El miércoles 17 de enero pasado Teresa María Díaz Nerio, joven dominicana de 36 años residente en Amsterdam, Holanda, salió de su casa con su mochila y computadora personal, sin decir adonde, y hasta el momento nada se sabe de ella.
Hija de una querida amiga feminista, Teresa María nació en Santo Domingo, un viernes santo 9 de abril del 1982 y dice su madre, que sintió desde que era pequeñita que iba a tener mucha sensibilidad, espiritualidad e inteligencia.
Y no se equivocó. En plena secundaria en el Colegio Montessori, en Santo Domingo, Teresa María captó el racismo en la sociedad, lo criticó y organizó una actividad de rechazo con otras compañeras. También participó entonces en el equipo de futbol femenino, ganándose el apodo de «la chica penalti». En esa misma época, comenzó su actividad en el teatro, participando en presentaciones y desarrollando ya su afición por las artes.

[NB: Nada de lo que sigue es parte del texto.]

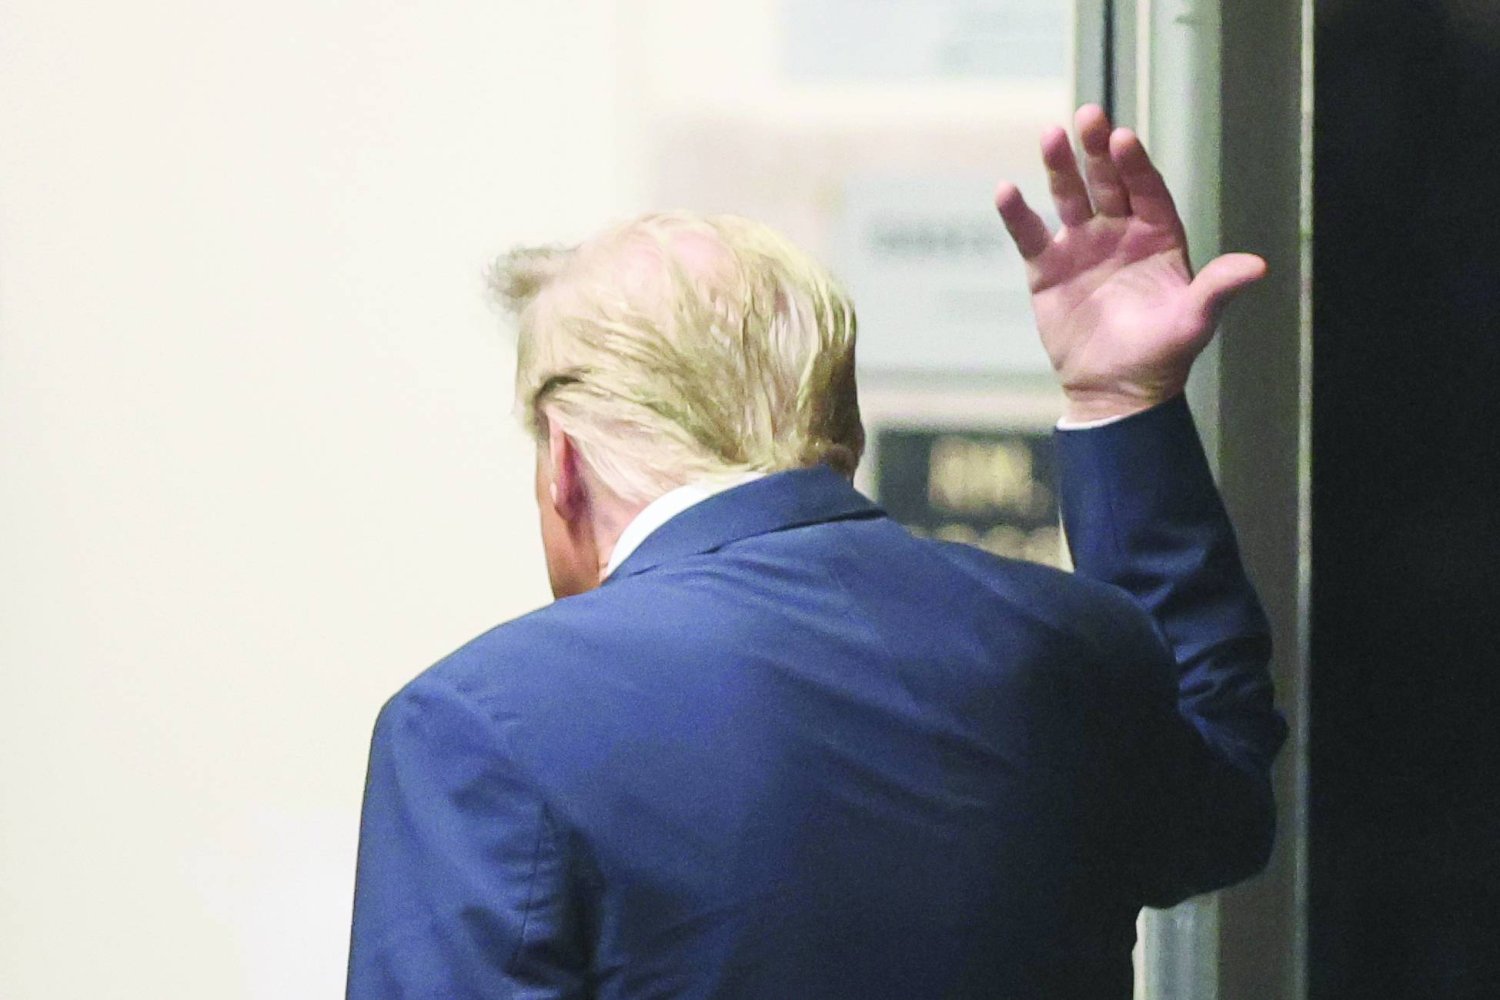 
الرئيس السابق دونالد ترمب خلال توجهه إلى محكمة نيويورك أمس (أ.ب)

Terminando la secundaria, quiso ser antropóloga, pero como no había suficientes estudiantes en la UASD tuvo que desistir. Así que, a los 19 años fue a estudiar a Fine Arts, en la Academia Gerrit Rietveld, en Amsterdam, Holanda, donde duró 5 años de estudios de Arte, y fue premiada en el segundo lugar por la tesis de fin de carrera.
Es en ese país, Holanda, ha pasado los últimos 17 años, realizando presentaciones en diferentes países de Europa, siempre con la idea de que el Arte no debe ser comercializado y trabajando, literalmente, por arte, demostrando aquella gran sensibilidad que su madre descubrió en ella apenas al despuntar.
En los últimos 7 años Teresa, además de tocar el tema de la mujer negra y el del uso de la sexualidad, trabaja el del racismo en Holanda uniéndose al debate critico de los «perros negros» o Saint Peat, personajes usados en las festividades holandeses de Sainteklaas o San Nicolas, celebrado en diciembre cada año. Forma parte de un grupo internacional que anualmente se reúne en Berlin, Alemania, para considerar la descolinización de nuestros países latinoamericanos.
En el 2016, en una propuesta que mezcla el arte con la comida vegana, alquila y crea un espacio para los debates que llama «La Casa de Barro», es decir que una persona así de vital, activa y pensadora social no desaparece sin contarlo.
Buscada por la Policía holandesa, alertada la embajada dominicana allí, el círculo amplio de su entorno familiar y más, está sufriendo y piden a cualquiera que sepa un leve detalle, comunicarse allí, con las autoridades, y aquí, al teléfono (829)444-0054.
Para que aparezca Teresa María, una valiosa dominicana!